Data block:
* * *

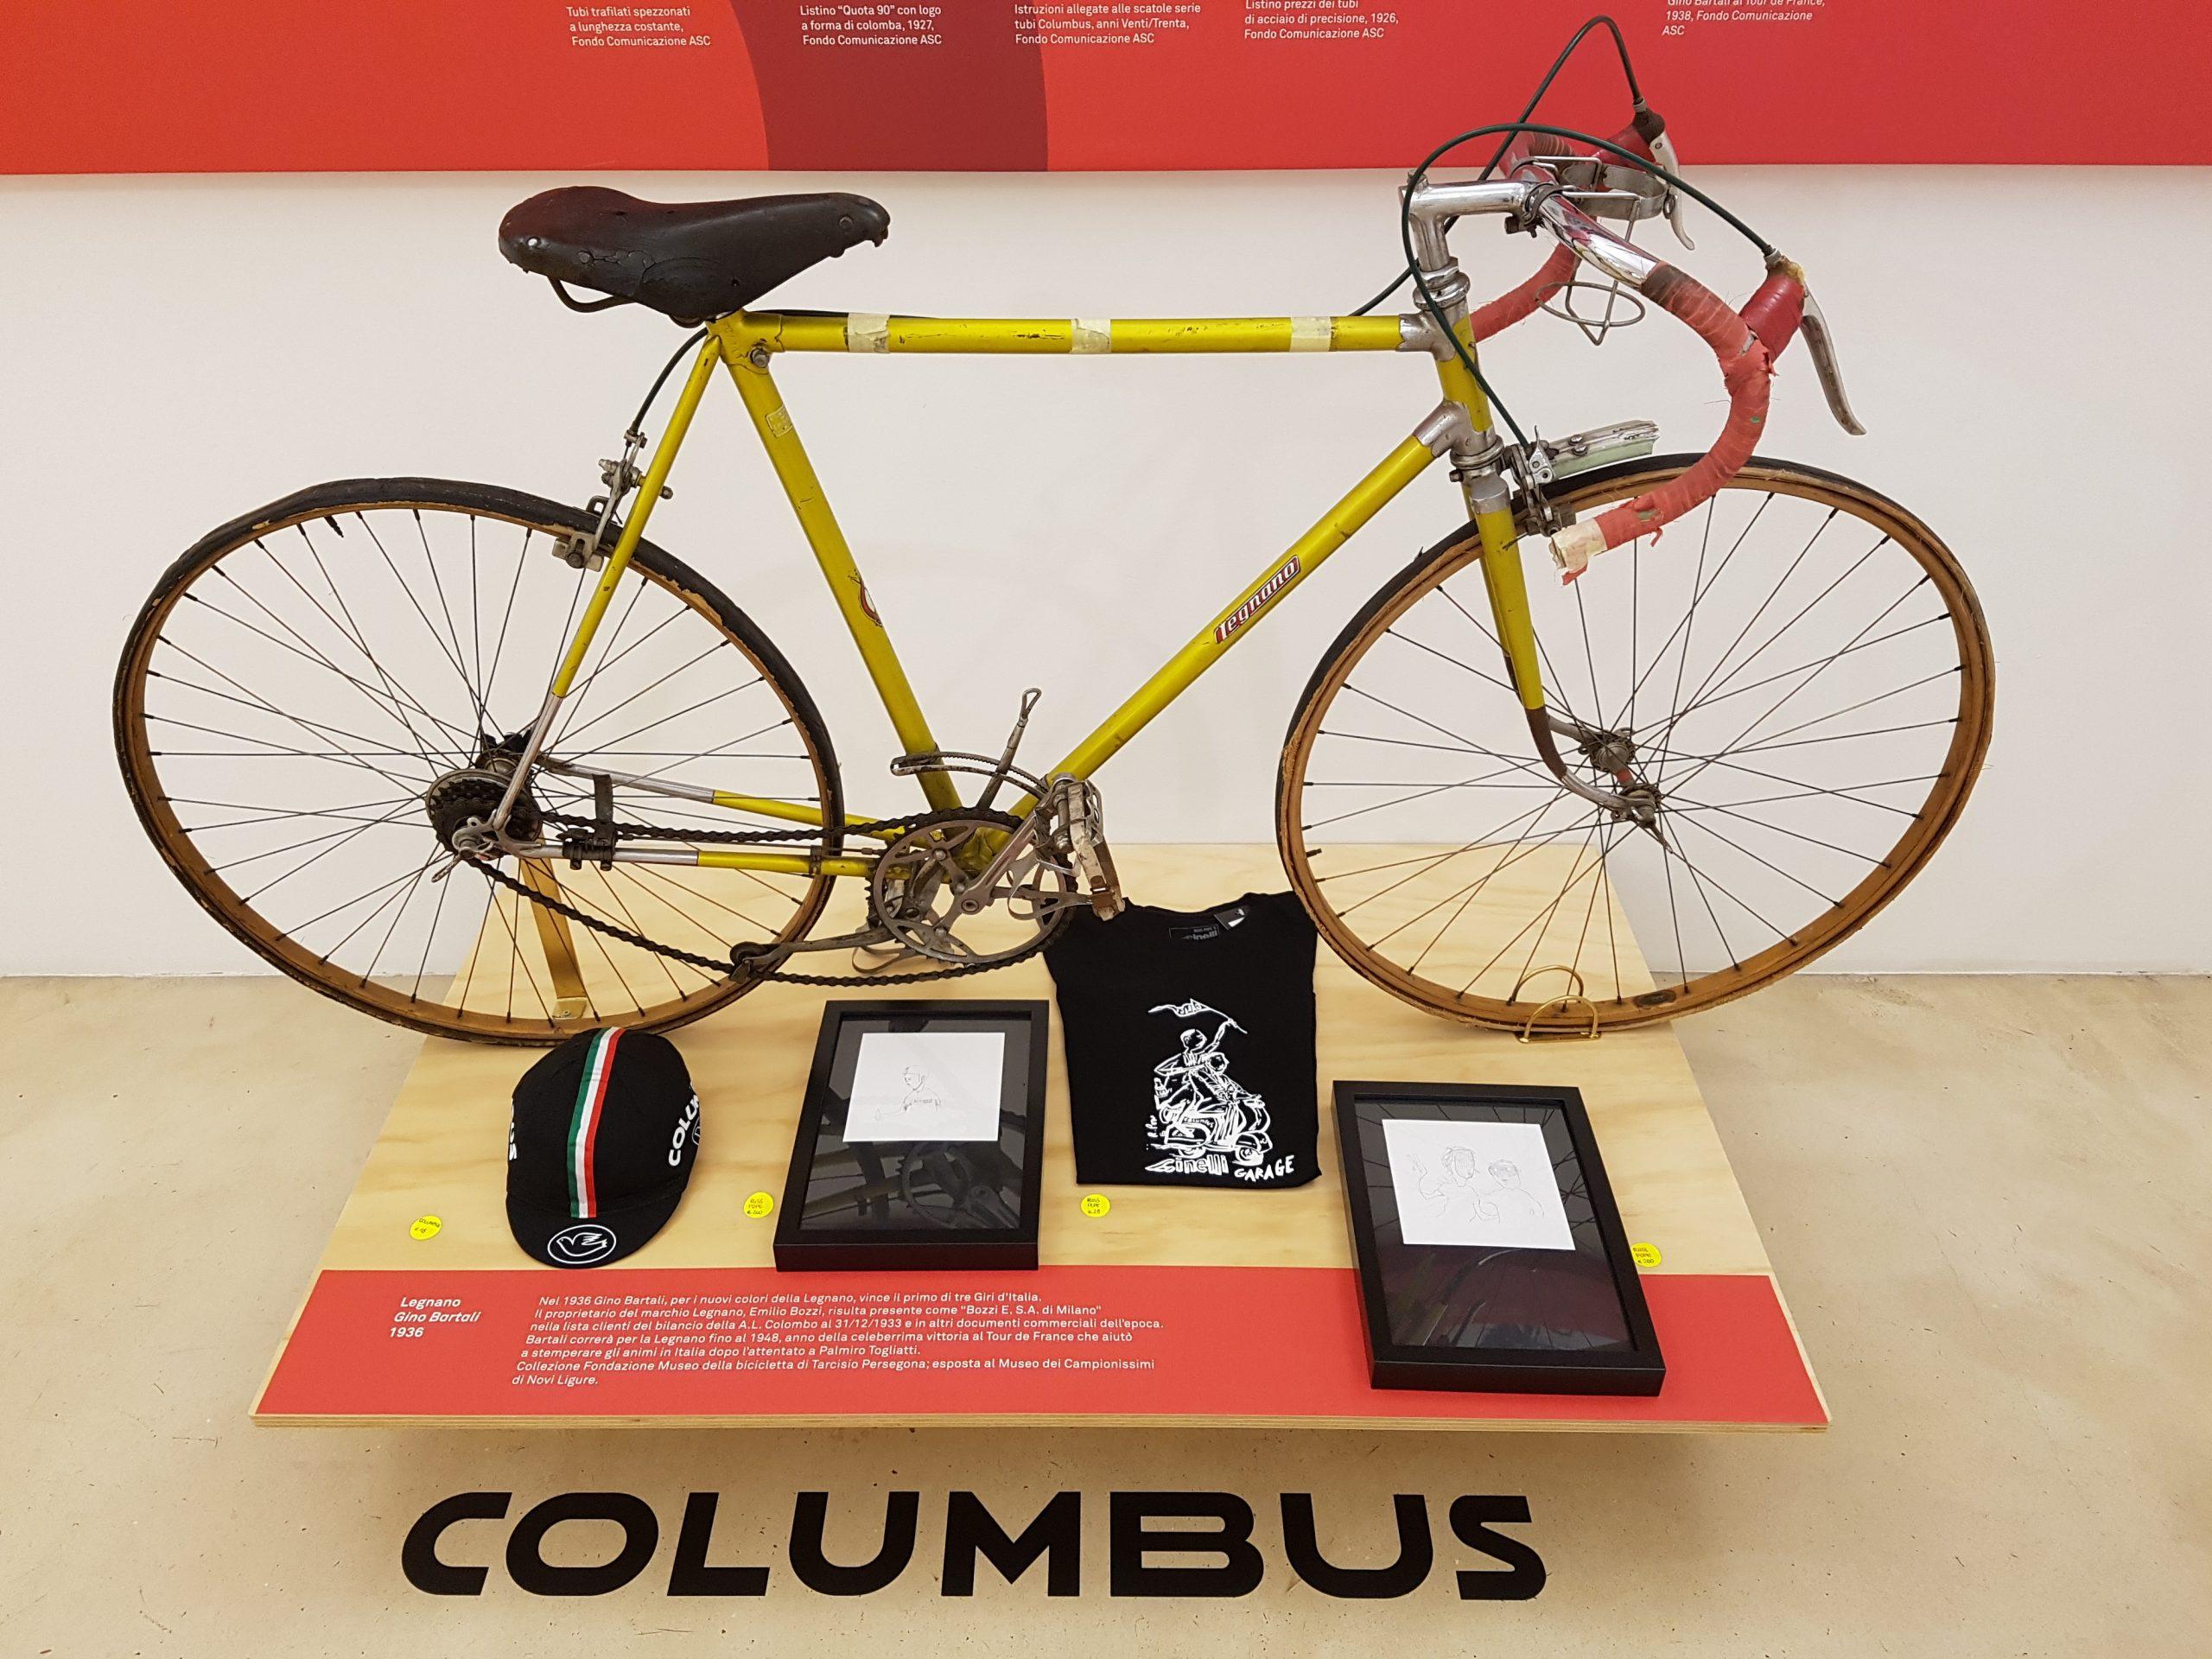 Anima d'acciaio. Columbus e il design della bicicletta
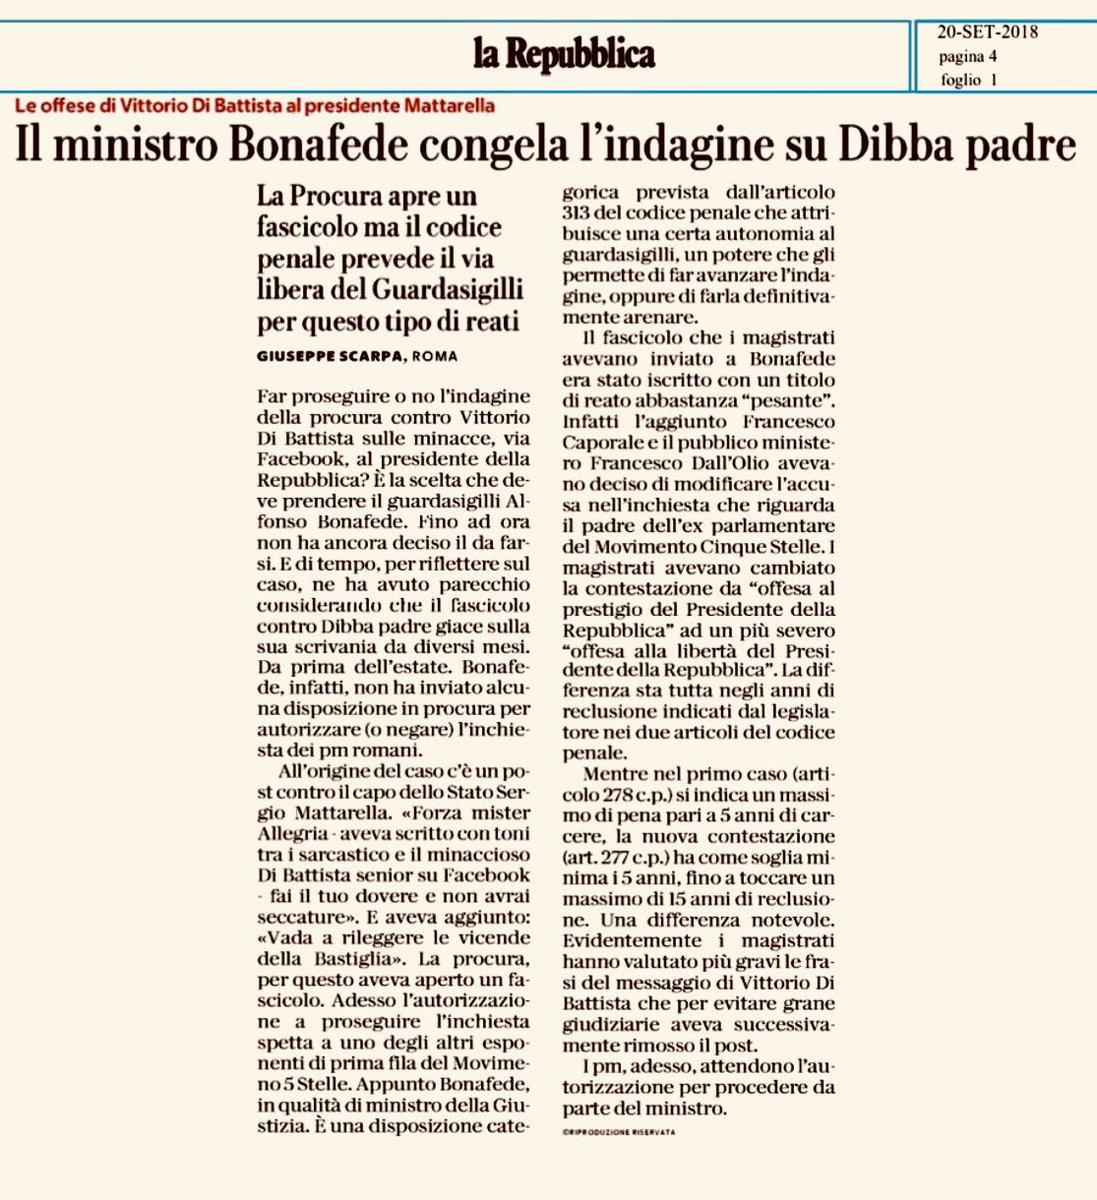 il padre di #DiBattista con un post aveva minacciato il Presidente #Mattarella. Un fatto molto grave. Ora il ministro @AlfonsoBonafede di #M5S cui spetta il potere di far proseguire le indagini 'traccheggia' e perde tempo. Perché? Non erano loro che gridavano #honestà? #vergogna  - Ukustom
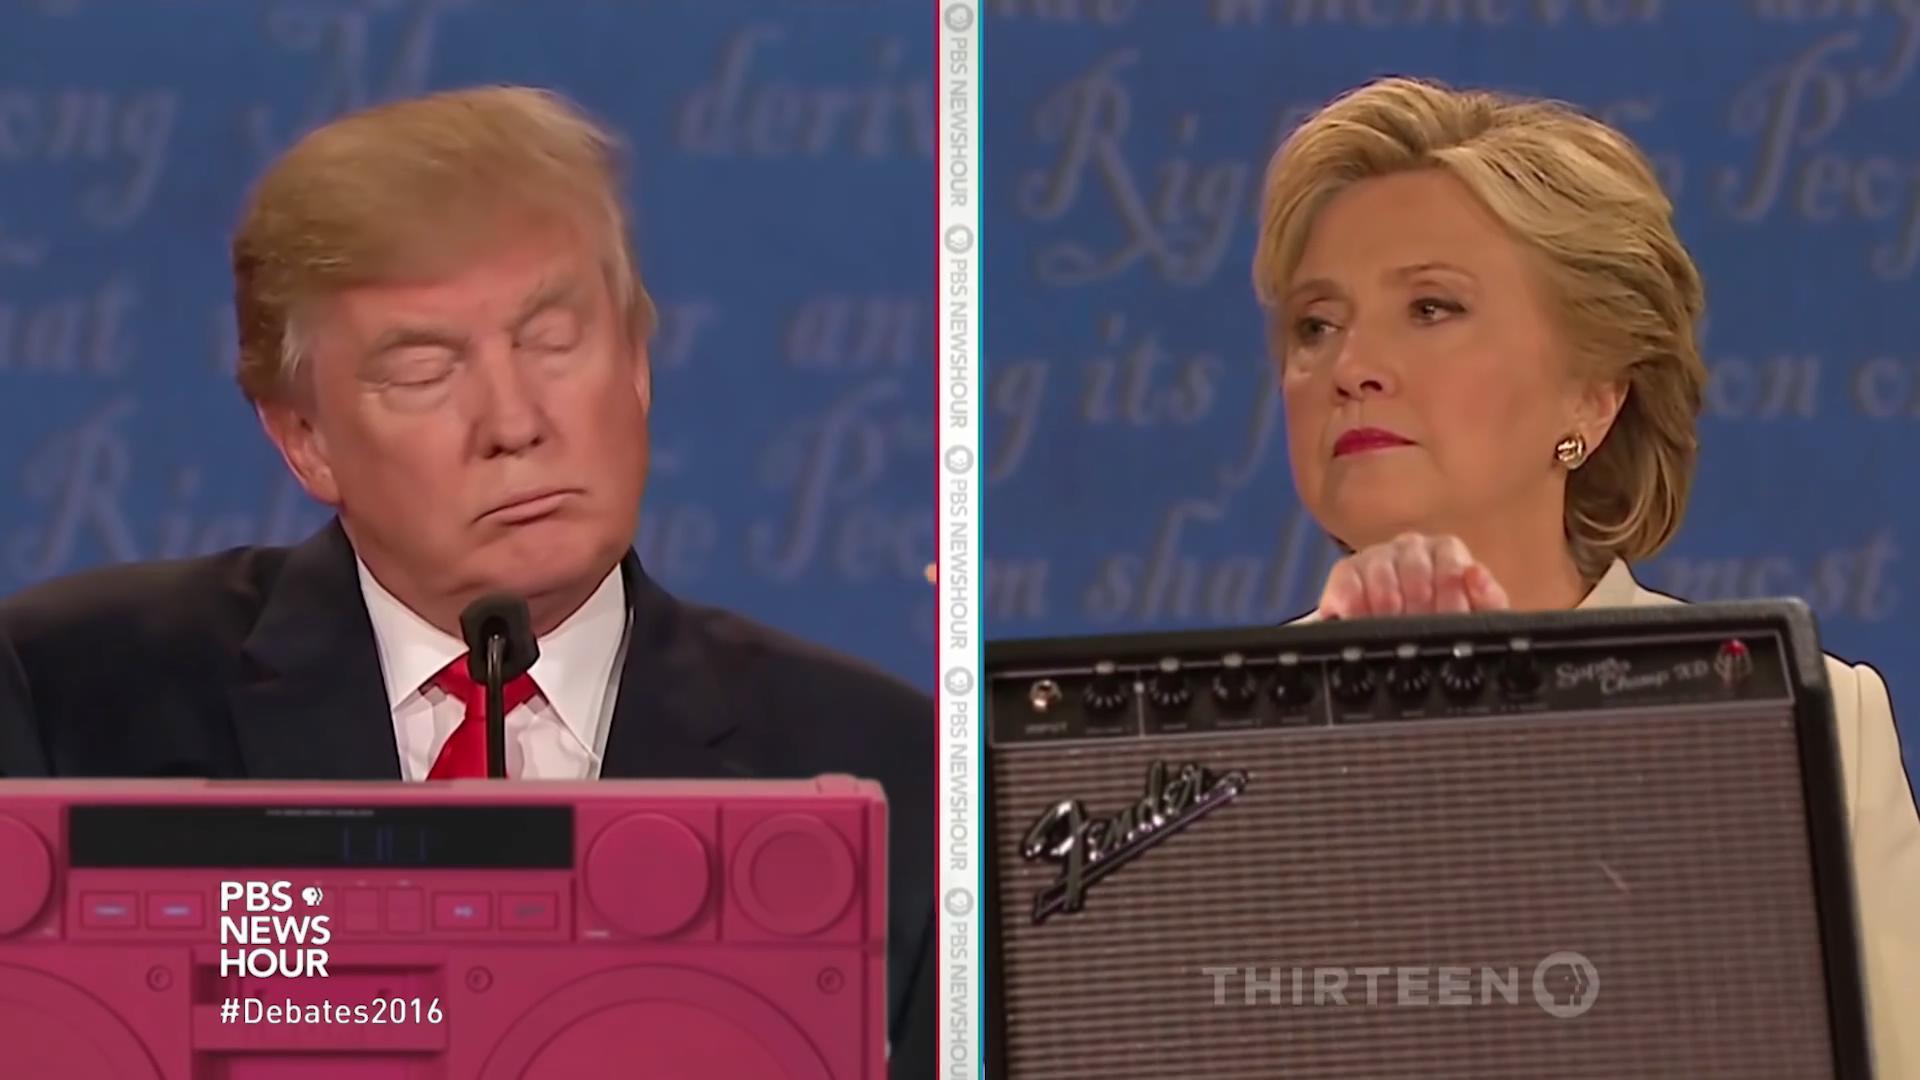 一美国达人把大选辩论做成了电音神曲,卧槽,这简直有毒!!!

* * *

Work to complete: Repeat each line of the material exactly, please, and skip every picture.

Task answer:
 Anima d'acciaio. Columbus e il design della bicicletta
 il padre di #DiBattista con un post aveva minacciato il Presidente #Mattarella. Un fatto molto grave. Ora il ministro @AlfonsoBonafede di #M5S cui spetta il potere di far proseguire le indagini 'traccheggia' e perde tempo. Perché? Non erano loro che gridavano #honestà? #vergogna  - Ukustom
 一美国达人把大选辩论做成了电音神曲,卧槽,这简直有毒!!!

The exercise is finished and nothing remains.